Attacks on IT supply chains have been on the rise for years, according to the experts from the IT Security Competence Group of the eco Association at their meeting in November. In the Cologne-Ehrenfeld office, the experts developed holistic and proactive strategies to effectively protect their own IT, summarising their findings in six key points.
“The frequency and complexity of attacks on supply chains are likely to increase, as they are more effective and potentially more lucrative for attackers than other attack scenarios,” stated the experts from the eco IT Security Competence Group at their meeting in November at the eco office in Cologne-Ehrenfeld. Supply chain attacks are a form of cyberattack in which attackers use a company or organisation’s software supply chain as a gateway to spread malware or steal data. The consequences of supply chain attacks go beyond financial losses and can also cause damage to reputation and trust.
“Attackers exploit vulnerabilities and trust between customers and service providers to spread malware or infiltrate networks,” said Maik Wetzel from ESET in his presentation. Using prominent examples such as NotPetya, Kaseya and Solar Winds, Wetzel illustrated the far-reaching impact that attacks can have on the supply chain.
Hand in hand for more resilient IT supply chains
“Modern software supply chains are becoming more vulnerable to attacks,” stated Matthias Riedel from SAP. He gave a global overview of the economic and social consequences of attacks. This is because they are extremely complex, and it is currently a challenge to fully understand them. Riedel outlined the opportunities that come with using cloud-based software solutions for supply chains and shared insights into SAP’s security measures. He also gave some examples of how SAP protects and optimises its own supply chains and those of its customers, for example through encryption, certification and artificial intelligence.
Attackers do not always act immediately. A network is often infiltrated first, and the subsequent attack only takes place after a delay – often months later. The participants noted that supply chain attacks are not just technical challenges, but require comprehensive cooperation and responsibility from all parties involved at an organisational and legal level: a holistic and proactive security strategy is required that covers various aspects of the supply chain, including the selection and verification of business partners, process control, system updates, employee training and emergency preparedness. The experts came up with six tips and strategies on how companies can protect themselves:
- Choose your business partners carefully. You should only enter into business relationships with reliable and reputable partners. Certifications such as ISO 27001 can be an indicator of reliability in terms of security against attacks on the supply chain. Regularly check whether your partners’ security measures are still up to date.
- Implement multi-level authentication on your systems for third parties. Even if the systems are compromised, there is still a second security hurdle for attackers to overcome.
- Have a contingency plan. A well-maintained emergency manual for all eventualities is a must. Otherwise, there is often a risk of a lack of planning in an emergency, which leads to incorrect decisions in stressful situations. A contingency plan also includes well-secured and regularly checked backups.

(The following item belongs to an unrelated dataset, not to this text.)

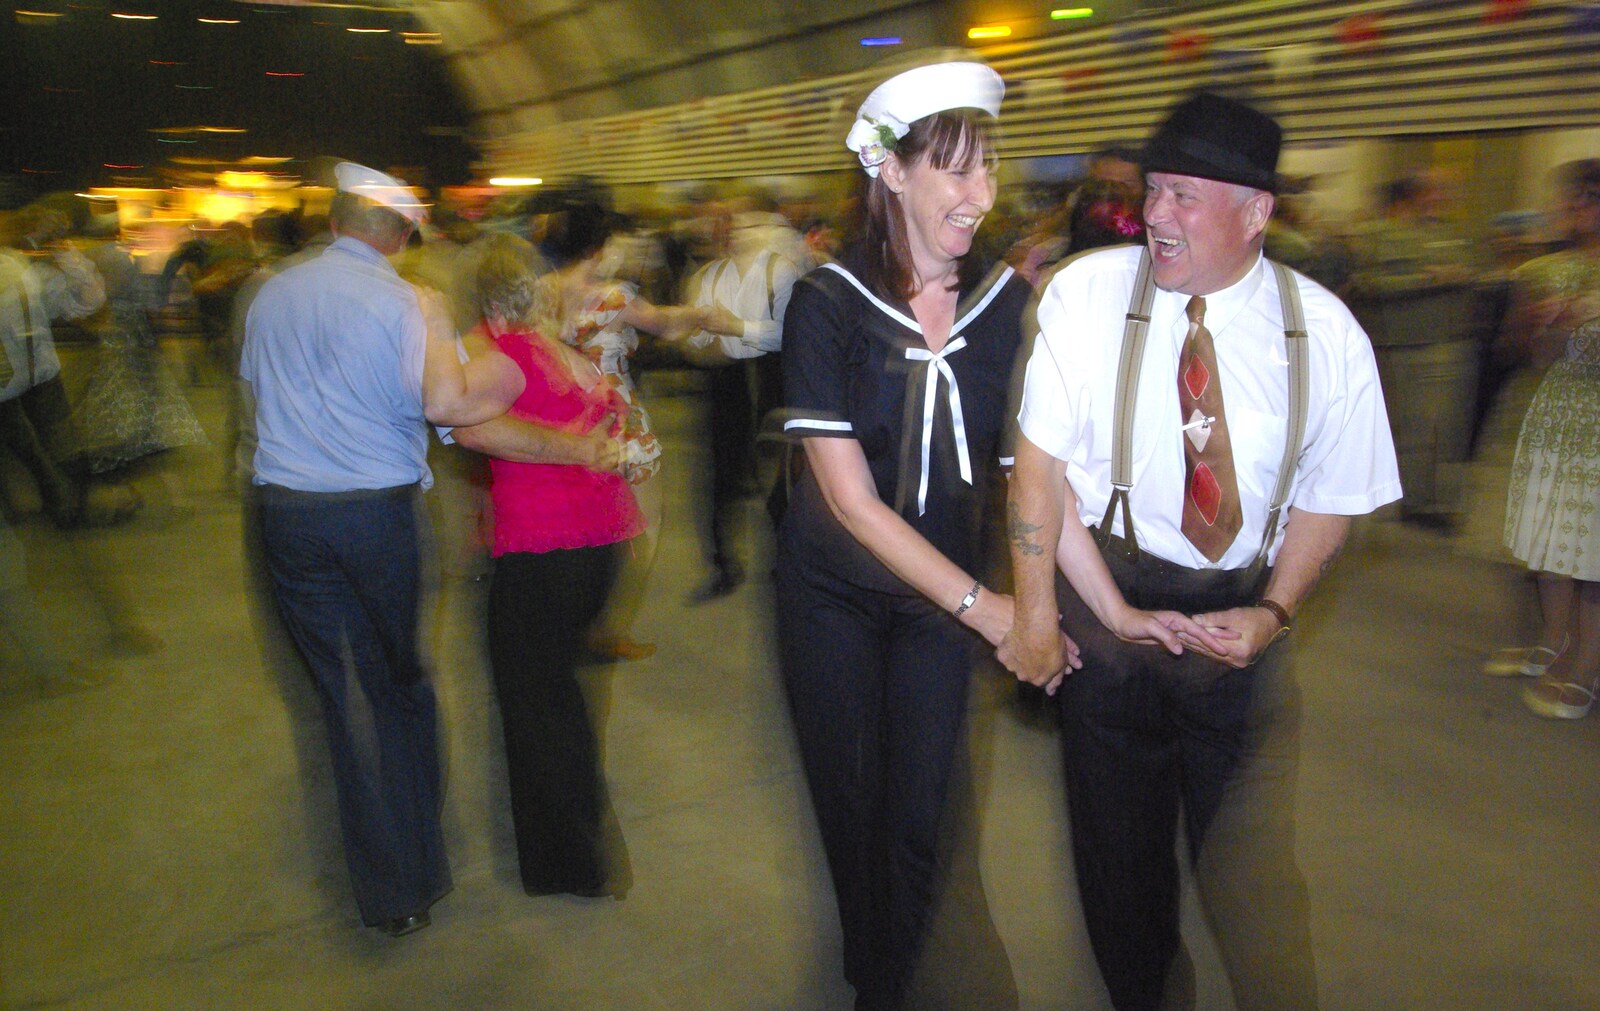 Swing dancing from The Debach Airfield 1940s Dance, Debach, Suffolk - 6th June 2009

- Train your employees. Although people are often seen as the “problem” in IT security, they are actually the key to the solution as the “last line of defence”. If a system is compromised, all technical security measures have already been overcome and only the people themselves can still recognise the problem. Well-trained and sensitised employees can not only defend against conventional attack strategies such as phishing attempts, but can also recognise threats that have already occurred at an early stage.
- Monitor all data flows in your company. Proper monitoring often offers the best chance of recognising potential attacks at an early stage. Especially if many third parties are connected to your own systems, surveillance of these interfaces is mandatory.
- Encrypt data along the entire supply chain. No attacker should ever have easy access to unencrypted data streams.
The Competence Group meeting was moderated by Markus Schaffrin, Head of Member Services, and Oliver Dehning, Leader of the eco Security Competence Group. Each presentation was followed by an open discussion among the participants, during which questions could be asked, and comments and suggestions made regarding the presentations. The participants shared their experiences and opinions from their respective industries and organisations. The meeting ended with networking over finger food, where the participants took the opportunity to continue exchanging ideas and networking.